On Jan 9, 2019, the Pennsylvania Environmental Hearing Board (EHB) ruled in favor of "progress towards clean air" in the Clean Air Council v. Sunoco Partners & DEP Appeal, saying that the Pennsylvania Department of Environmental Protection (DEP) broke the law when it issued Sunoco permits to build a Natural Gas Liquids facility at Marcus Hook. Attorneys here at Fair Shake took notice of the language that they used in this decision, which sends a clear message: No more egg-slicer permitting.
To make a long story short Sunoco used a common tactic some people call “egg-slicer permitting” to make one large project look like it was actually a number of smaller projects allowing them to emit more pollution. The DEP approved each one of Sunoco’s six permit applications as stand-alone projects even though the idea that each “was a stand-alone project, not linked with any other past or future construction work at the Marcus Hook facility, was unreasonable or unsupported by the facts,” according to the EHB who then laid out it’s reasoning:
“Our review leaves us with no doubt that all of these phased construction projects are part of the same project for applicability purposes, based on the considerations that follow."
Factors:
Close Physical Proximity
Temporal Proximity (plan approval applications submitted over a short period of time. Approx. 1 to 3 months apart.)
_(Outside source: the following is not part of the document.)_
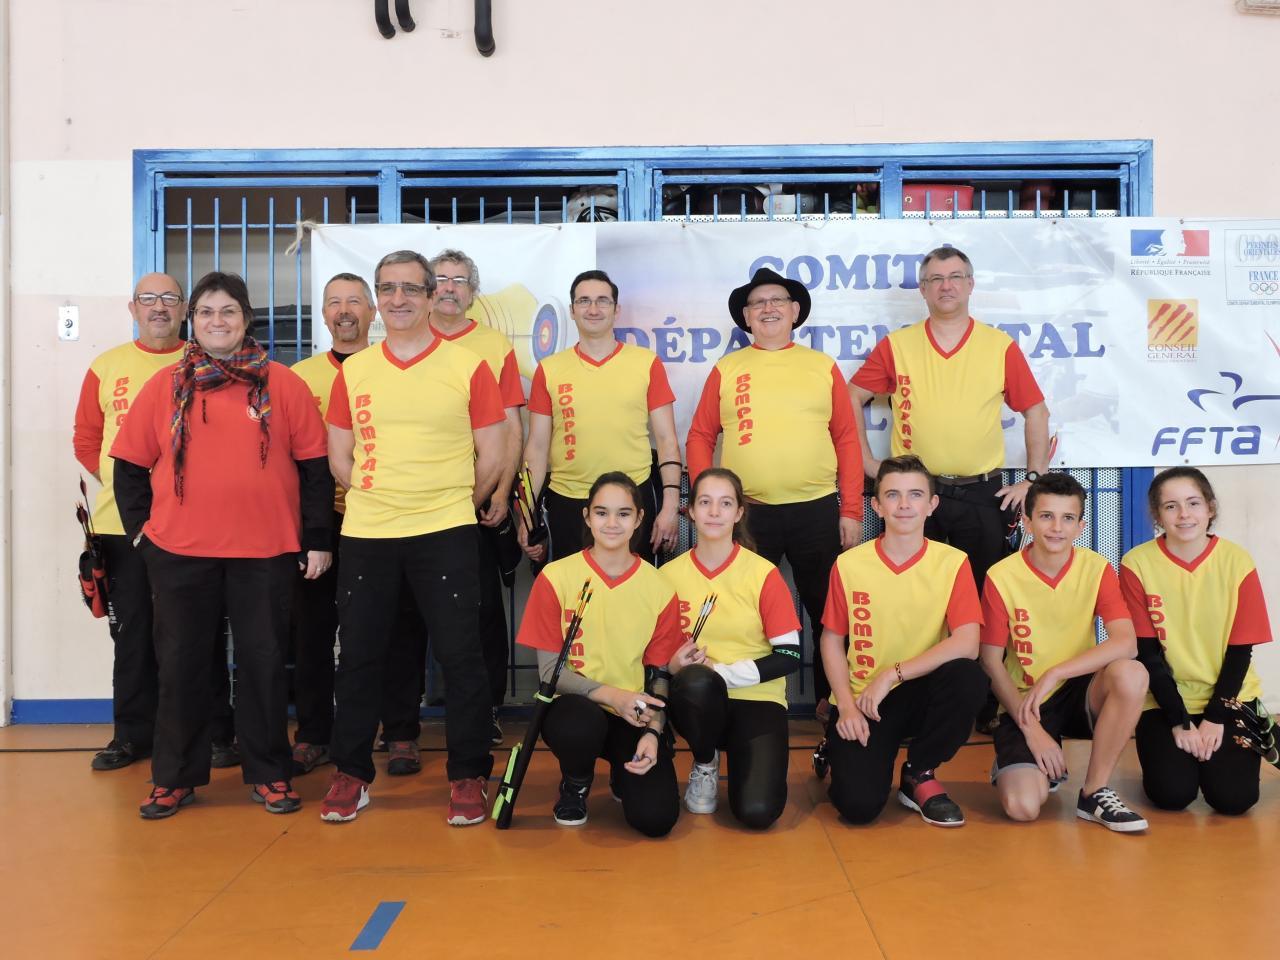 Championnat 66 salle à Perpignan (24/01/16)

Interdependence of Phased Projects (technically and economically linked.)
Common Plan and Shared Objective
Other Relevant Factors (all factors taken in combination, no persuasive evidence to refute single project analysis.)
The EHB said that “allowing a facility to subdivide a project in any way it sees fit, based on its business plan or otherwise, would render the regulatory thresholds meaningless. Without constraints, any project could be divided up in such a way that each divided part falls below the applicability thresholds.” This was a heartening sign that the days of 'slice and dice' regulatory evasion may be numbered.
Sunoco Partners was found to have violated the anti-circumvention regulation 25 Pa. Code §127.216 "[A]n owner or other person may not circumvent this subchapter by causing or allowing a pattern of ownership or development, including the phasing, staging, delaying or engaging in incremental construction, over a geographic area of a facility which, except for the pattern of ownership or development, would otherwise require a permit or submission of a plan approval application."
Firmly reminding the DEP of the purpose of these laws, the Judge ruled, "ultimately, we should not lose sight of the fact that the Legislature created the NSR program to ensure that new significant emissions do not slow progress toward cleaner air, and the PSD program is designed to ensure that new emissions do not cause air quality to deteriorate significantly and will continue to obtain air quality standards. 42 U.S.C. §§ 7470. 7503(a)."
The EHB statement that “There is no question that Sunoco did have a plan to make all the adjustments necessary to turn the Marcus Hook facility into a comprehensive NGL hub….” rung loud and clear in Philadelphia. We are really proud of the great work by our friends, colleagues, and fellow neighbors in the Commonwealth at the Clean Air Council and hope that this decision can be a catalyst in a greater effort to hold the DEP accountable.